To create this plot in the Shiny app, you need to specify the design, in the endpoint tab select “Means”, and in the trial settings select “Power” as the calculation target, two groups, and for the number of values, select 50 from the drop-down menu. Specify the lower (i.e., 0) and upper (i.e., 1) value of the mean difference (given the standard deviation of 1, these values will also be Cohen’s d effect sizes). The maximum number of subjects is set to 142 (based on the power analysis we performed above). Go to the “Plot” tab and select the “Sample Size [6]” plot.

If you click on the “Plot” tab and select the Sample Size graph [6], and set the max sample size (nMax) to 50, you see that depending on the true effect size, there is a decent probability of stopping early (blue line) compared to at the final look (green line). Furthermore, the larger the effect size, the lower the Average sample size will be (red line).

Without sequential analyses we would collect 50 participants (the maximum sample size specified). But when the true effect size is large, we have a high probability to stop early, and the sample size that one needs to collect will on average (in the long run of doing many sequential designs) be lower.

After this general introduction to the benefits of group sequential designs to efficiently design well powered studies, we will look at more concrete examples of how to perform an a-priori power analysis for sequential designs.

# A-priori power analysis in sequential designs

When designing a study where the goal is to test whether a specific effect can be statistically rejected researchers often want to make sure their sample size is large enough to have sufficient power for an effect size of interest. This is done by performing an a-priori power analysis. Given a specified effect size, \(\alpha\)-level, and desired power, an a-priori power analysis will indicate the number of observations that should be collected.

An informative study has a high probability of correctly concluding an effect is present when it is present, and absent when it is absent. An a-priori power analysis is used to choose a sample size to achieve desired Type I and Type II error rates, in the long run, given assumptions about the null and alternative model.

We will assume that we want to design a study that can detect a difference of 0.5, with an assumed standard deviation in the population of 1, which means the expected effect is a Cohen’s d of 0.5. If we plan to analyze our hypothesis in a one-sided \(t\) test (given our directional prediction), set the overall \(\alpha\)-level to 0.05, and want to achieve a Type II error probability of 0.1 (or a power of 0.9).
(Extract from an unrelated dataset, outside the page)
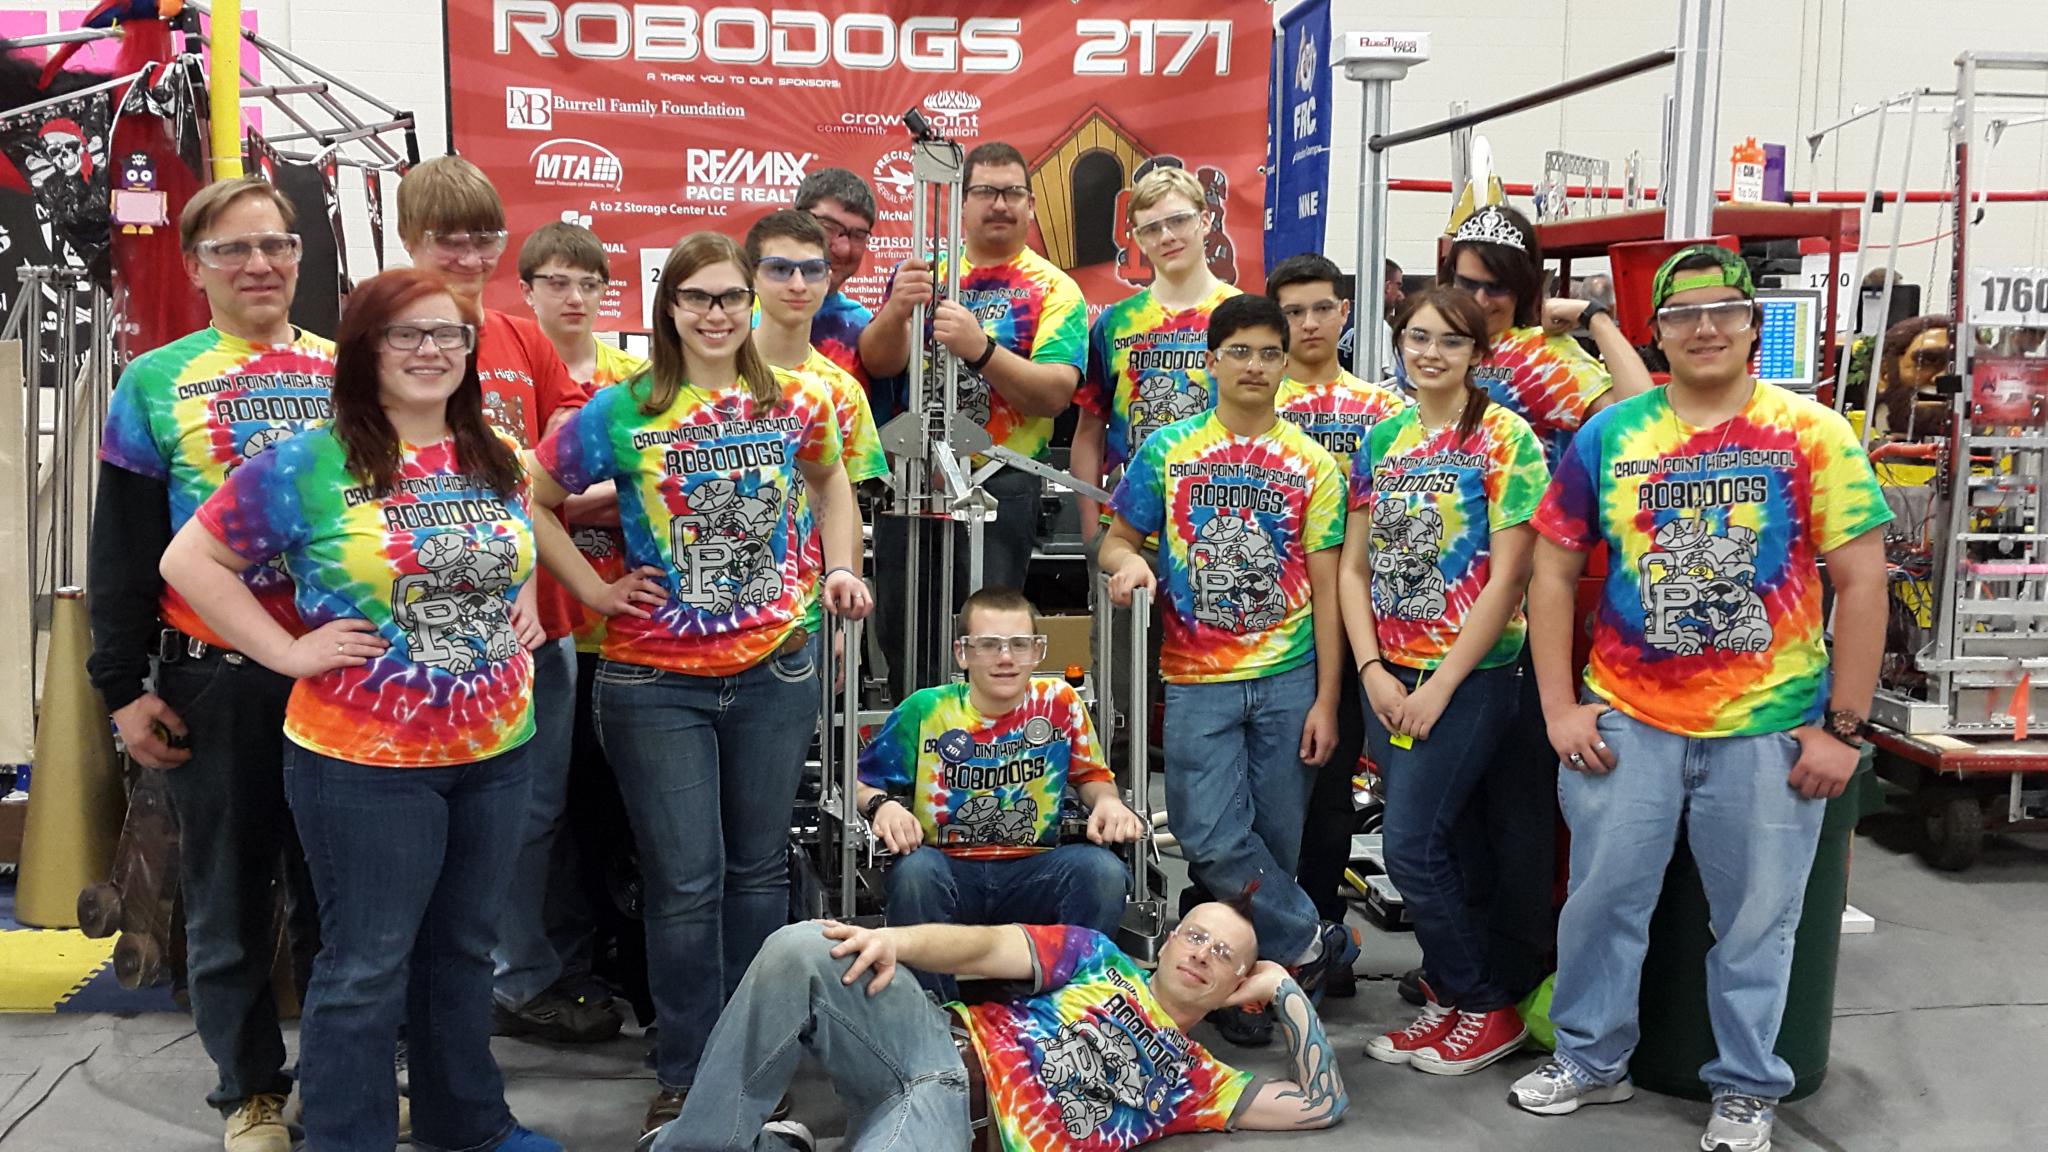 Shirt design louisville ky - Crown Point Robo Dogs Robotics Team 2171 T Shirt Photo

Finally, we believe it is feasible to perform 2 interim analyses, and one final analysis (e.g., collect the data across three weeks, and we are willing to stop the data collection after any Friday). How many observations would we need?

The decision depends on the final factor we need to decide in a sequential design: the \(\alpha\)-spending function. We can choose an \(\alpha\)-spending function as we design our experiment, and compare different choices of a spending function. We will start by examining the sample size we need to collect if we choose an O’Brien-Fleming \(\alpha\)-spending function.

On the “Endpoint” tab we specify means. Then we move to the “Trial Design” tab. It is easy in rpact to plot power across a range of effect sizes, by selecting multiple values from the drop-down menu (i.e., 5). We set 0.3 and 0.7 as the lower and upper value, and keep the standard deviation at 1, so that we get the sample sizes for the range of Cohen’s d 0.3 to 0.7.

Sometimes you might have a clearly defined effect size to test against – such as a theoretically predicted effect size, or a smallest practically relevant effect size. Other times, you might primarily know the sample size you can achieve to collect, and you want to perform a sensitivity analysis, where you examine which effect size you can detect with a desired power, given a certain sample size. Plotting power across a range of effect sizes is typically useful. Even if you know which effect size you expect, you might want to look at what would be the consequences of the true effect size being slightly different than expected.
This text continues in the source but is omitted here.